# Supplied data
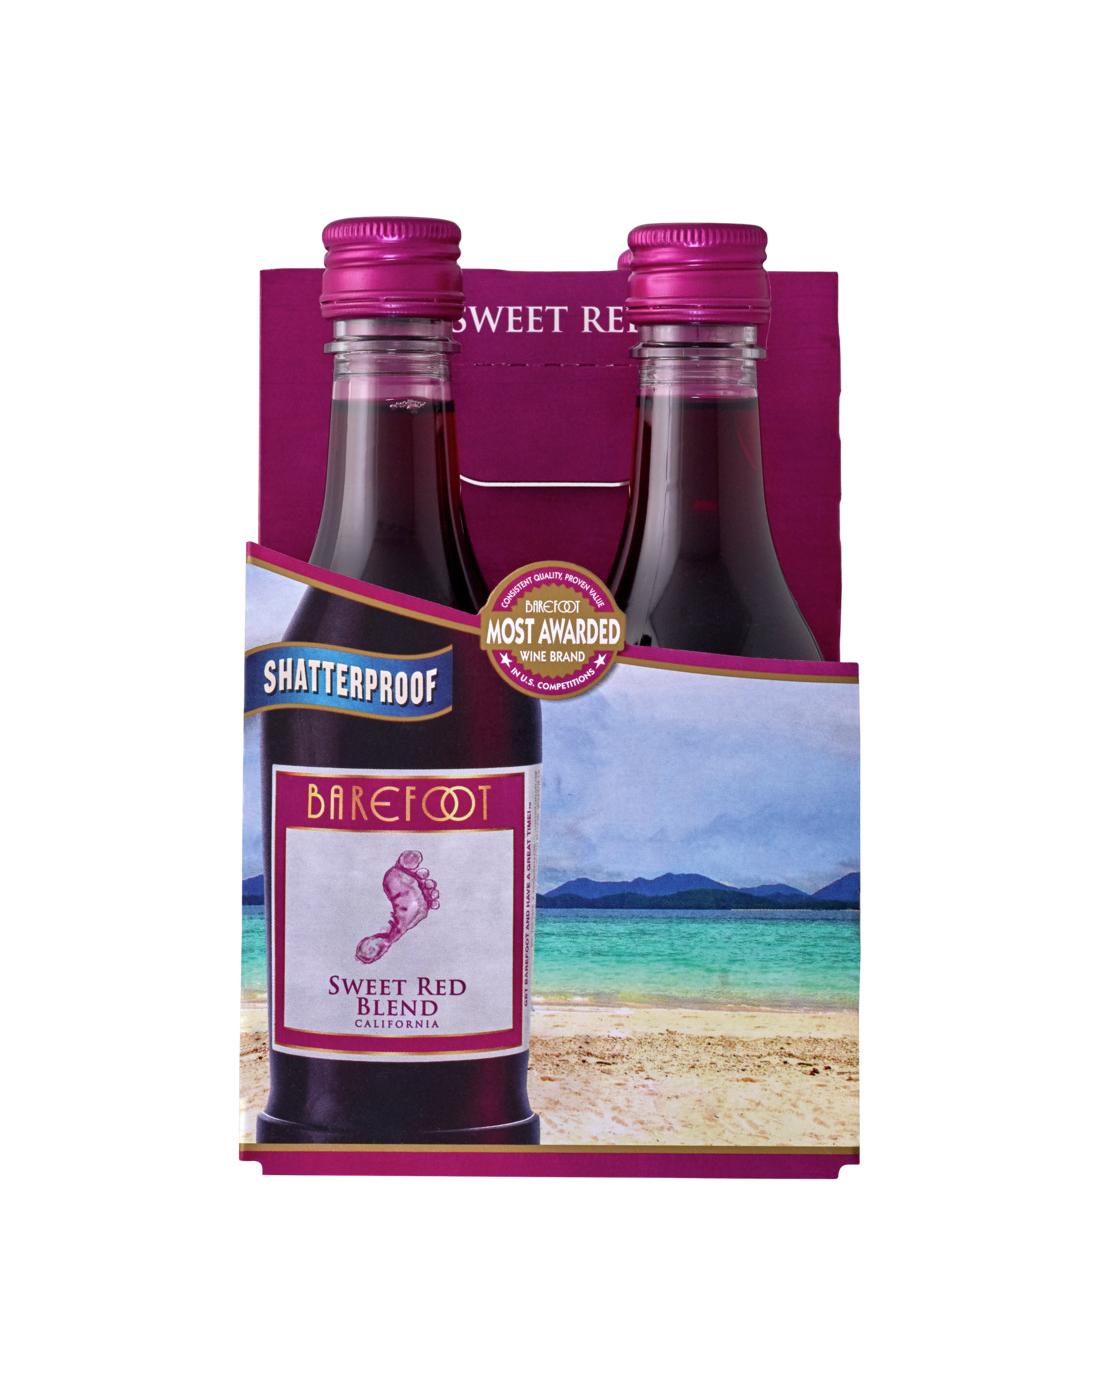 Barefoot Sweet Red Wine 187 mL; image 1 of 5
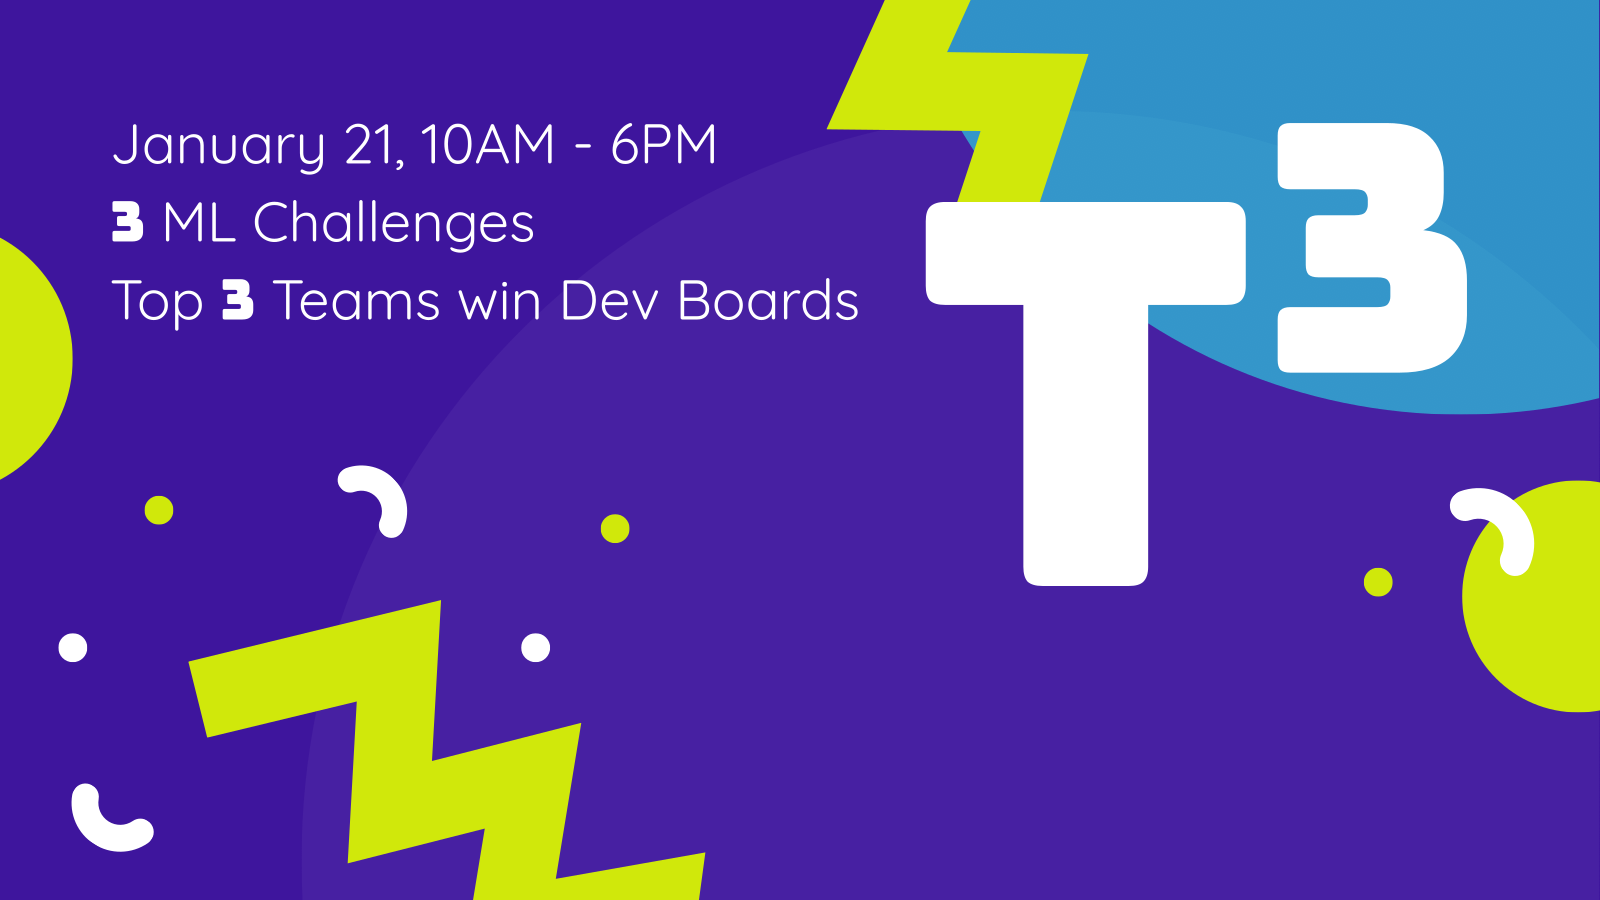 Promotional banner for Hackathon on January 21, 10 AM - 6 PM; 3 ML Challenges; Top 3 Teams win Dev Boards
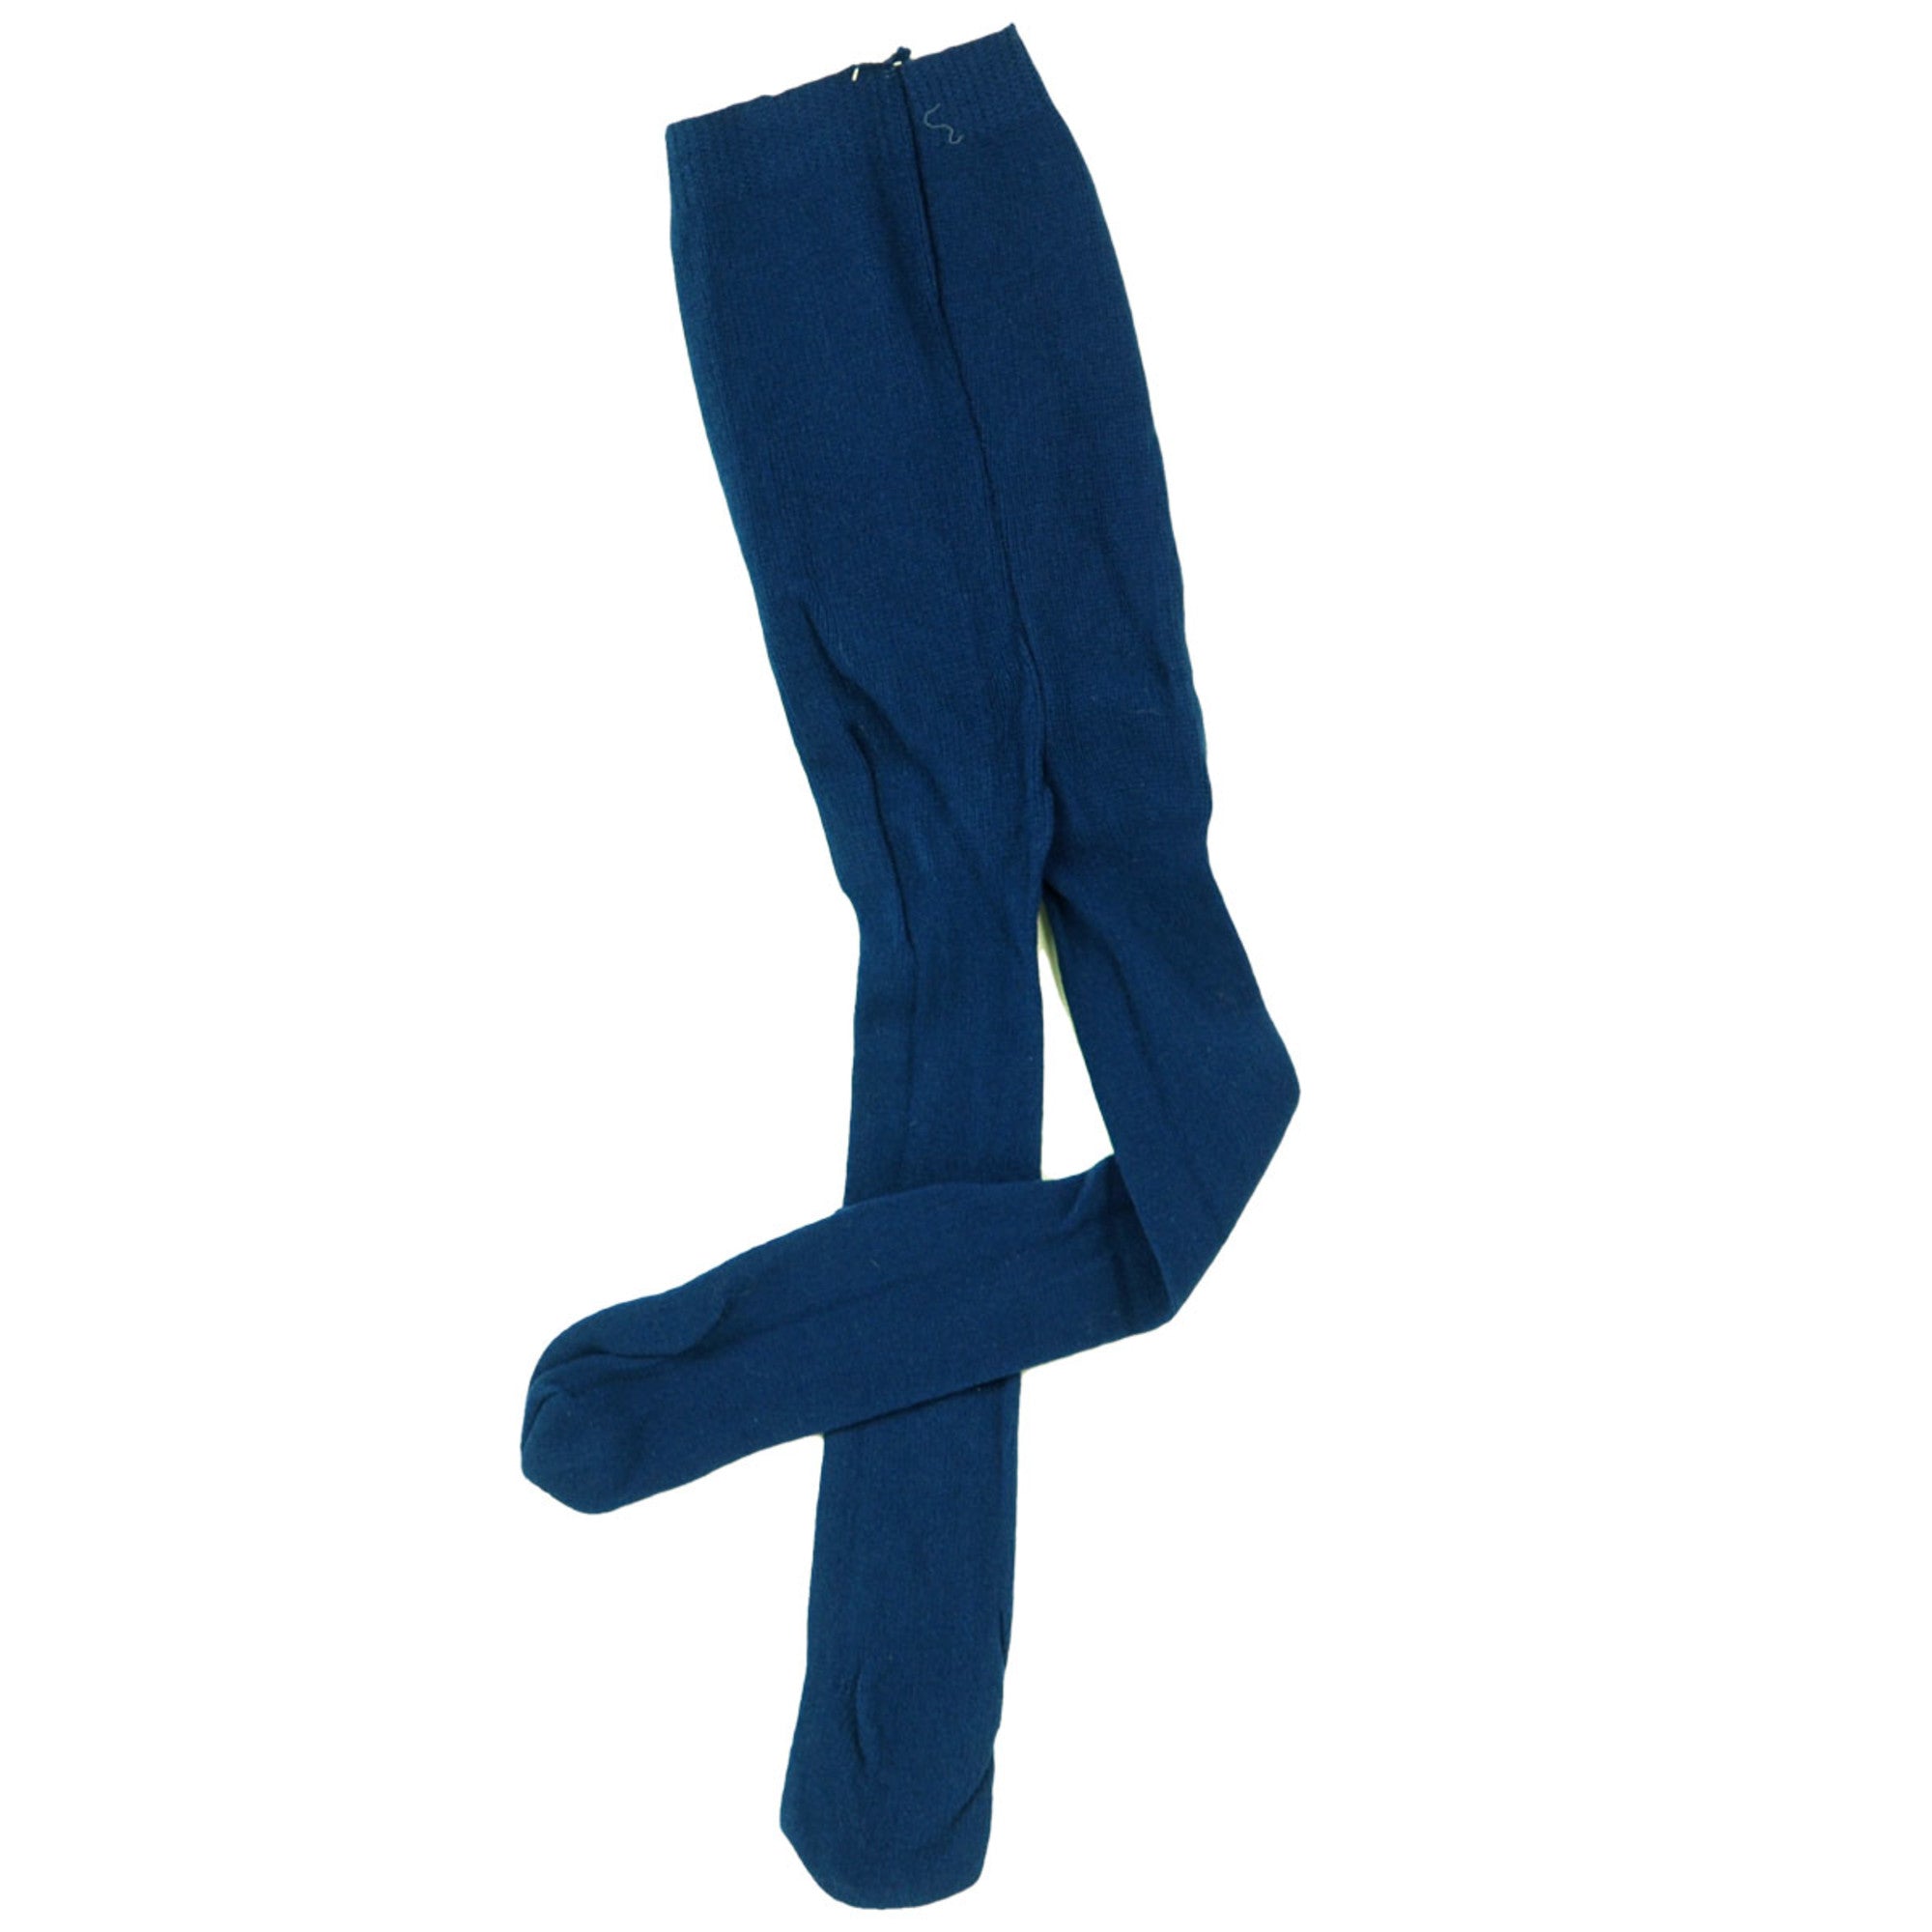 Sophia’s Mix & Match Wardrobe Essentials Basic Solid-Colored Opaque Tights for 18” Dolls, Navy Blue

# What to produce
Give back the material above exactly, without pictures.

# Written reply
 Barefoot Sweet Red Wine 187 mL; image 1 of 5
 Promotional banner for Hackathon on January 21, 10 AM - 6 PM; 3 ML Challenges; Top 3 Teams win Dev Boards
 Sophia’s Mix & Match Wardrobe Essentials Basic Solid-Colored Opaque Tights for 18” Dolls, Navy Blue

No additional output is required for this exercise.